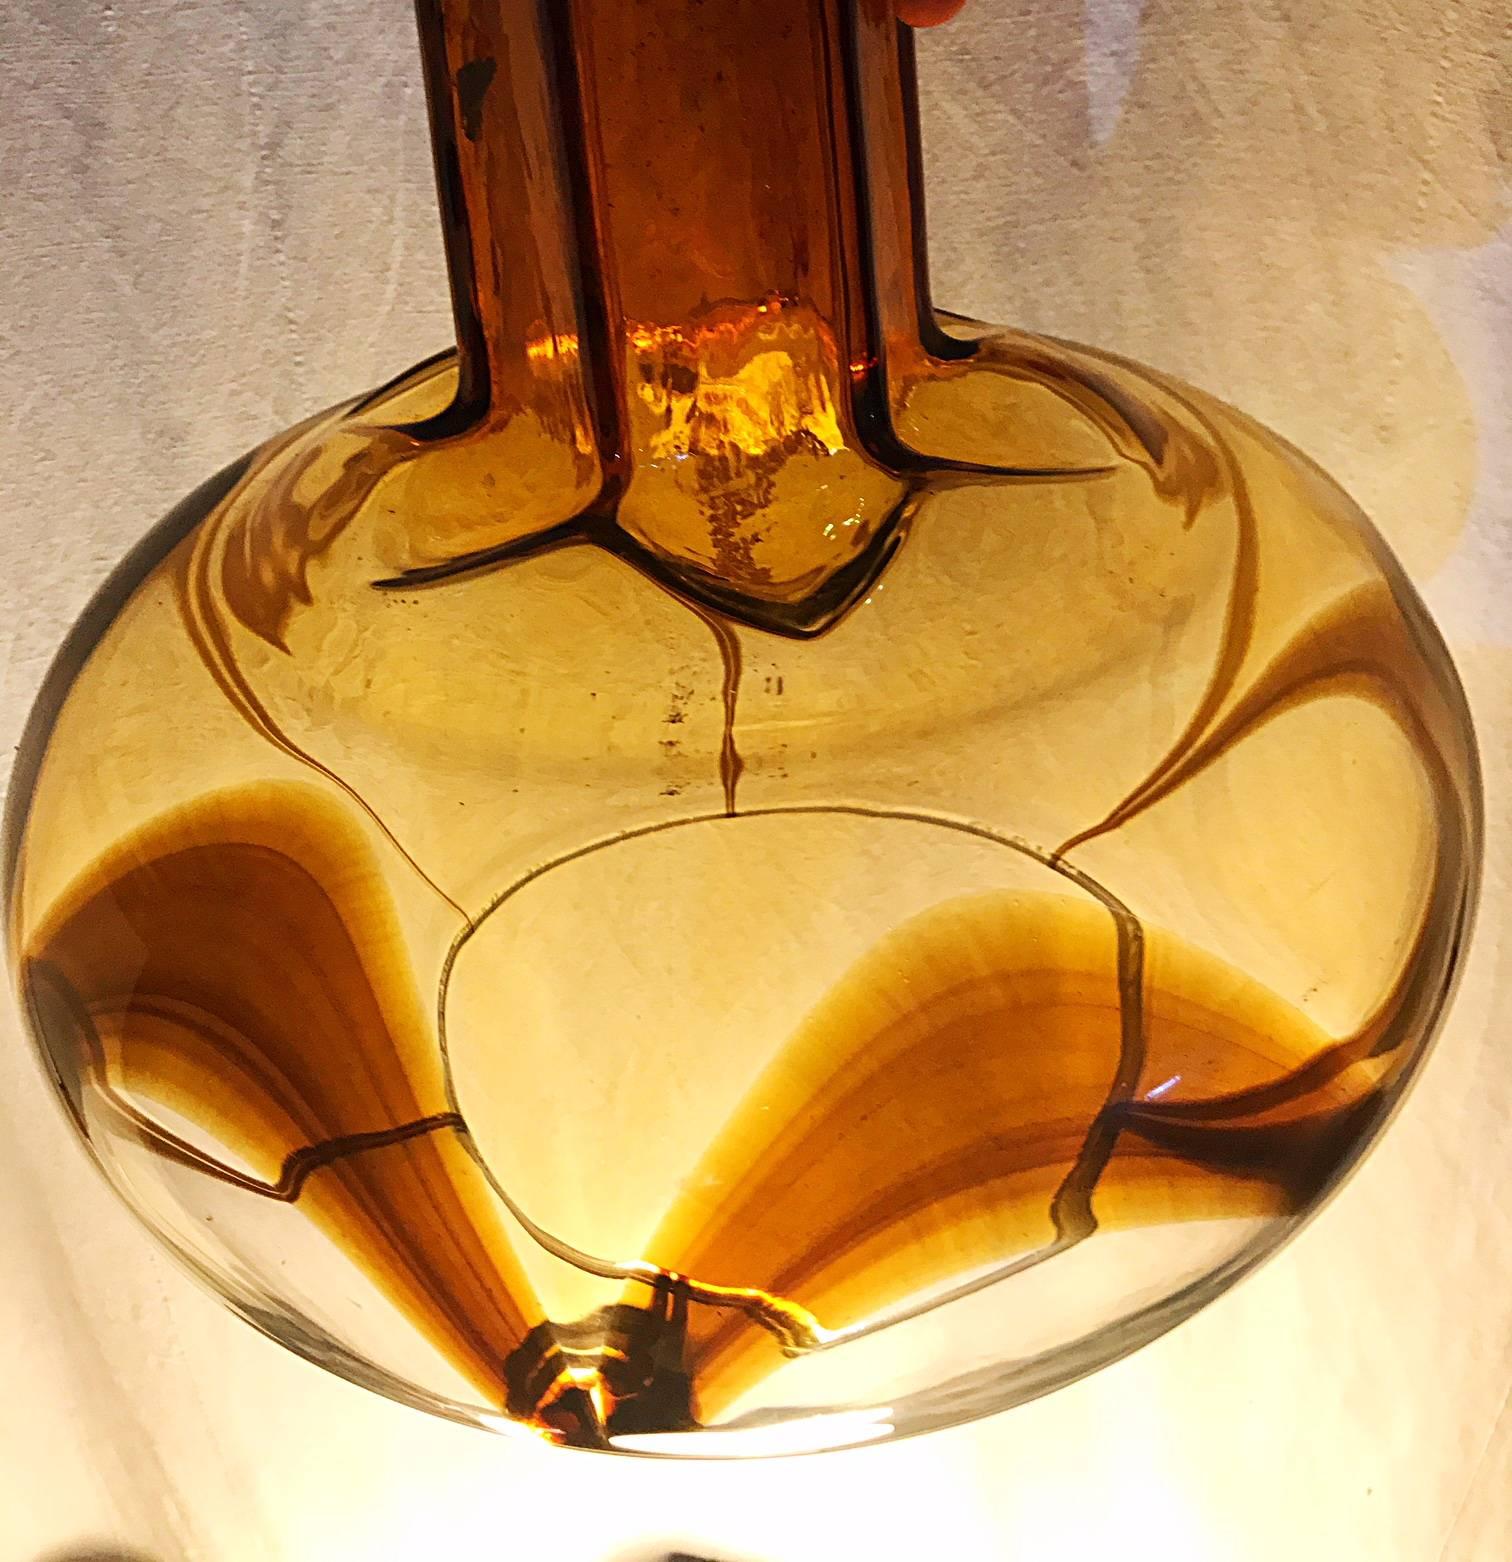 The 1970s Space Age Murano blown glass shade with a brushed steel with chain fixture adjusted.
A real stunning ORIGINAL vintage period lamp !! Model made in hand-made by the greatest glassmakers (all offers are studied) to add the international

______

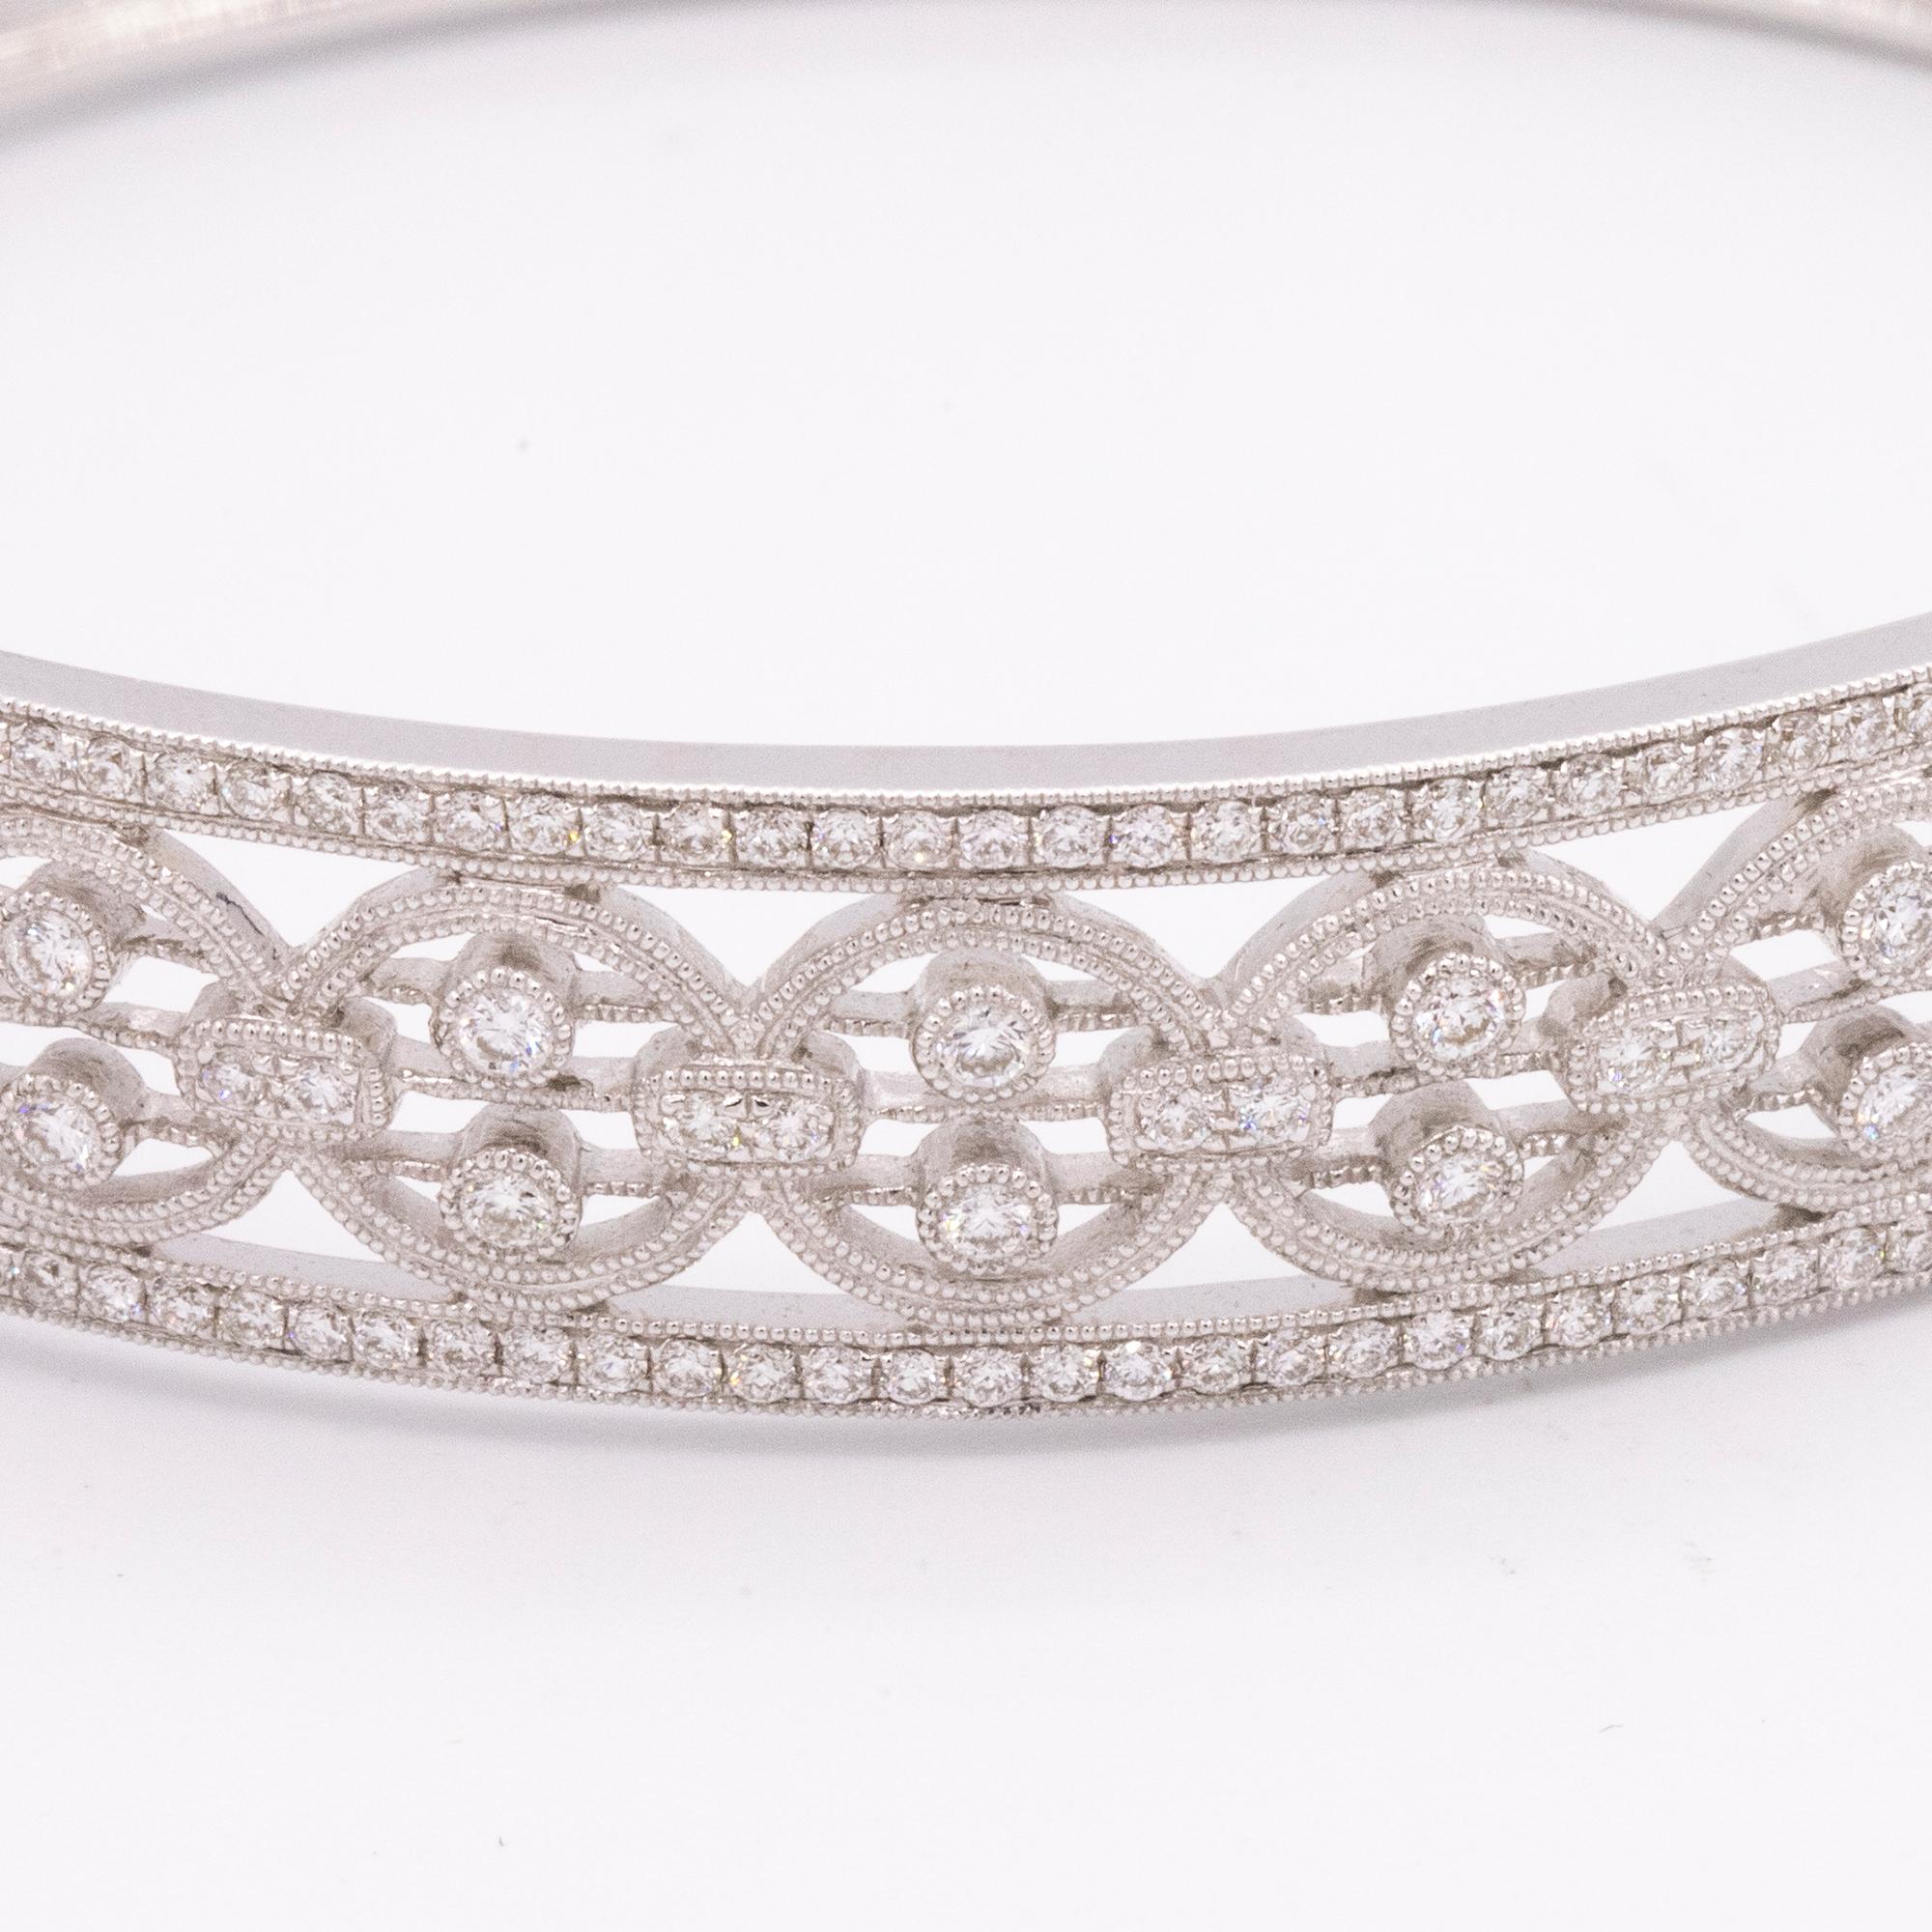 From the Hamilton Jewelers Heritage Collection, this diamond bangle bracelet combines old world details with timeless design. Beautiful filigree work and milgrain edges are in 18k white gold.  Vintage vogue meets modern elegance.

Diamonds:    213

______

▶ **Exercise**
Look above and copy only the lines from the one holding "The 1970s Space" to the one holding "A real stunning", both included, exactly, minus the pictures.

▶ **Solved exercise**
 The 1970s Space Age Murano blown glass shade with a brushed steel with chain fixture adjusted.
A real stunning ORIGINAL vintage period lamp !! Model made in hand-made by the greatest glassmakers (all offers are studied) to add the international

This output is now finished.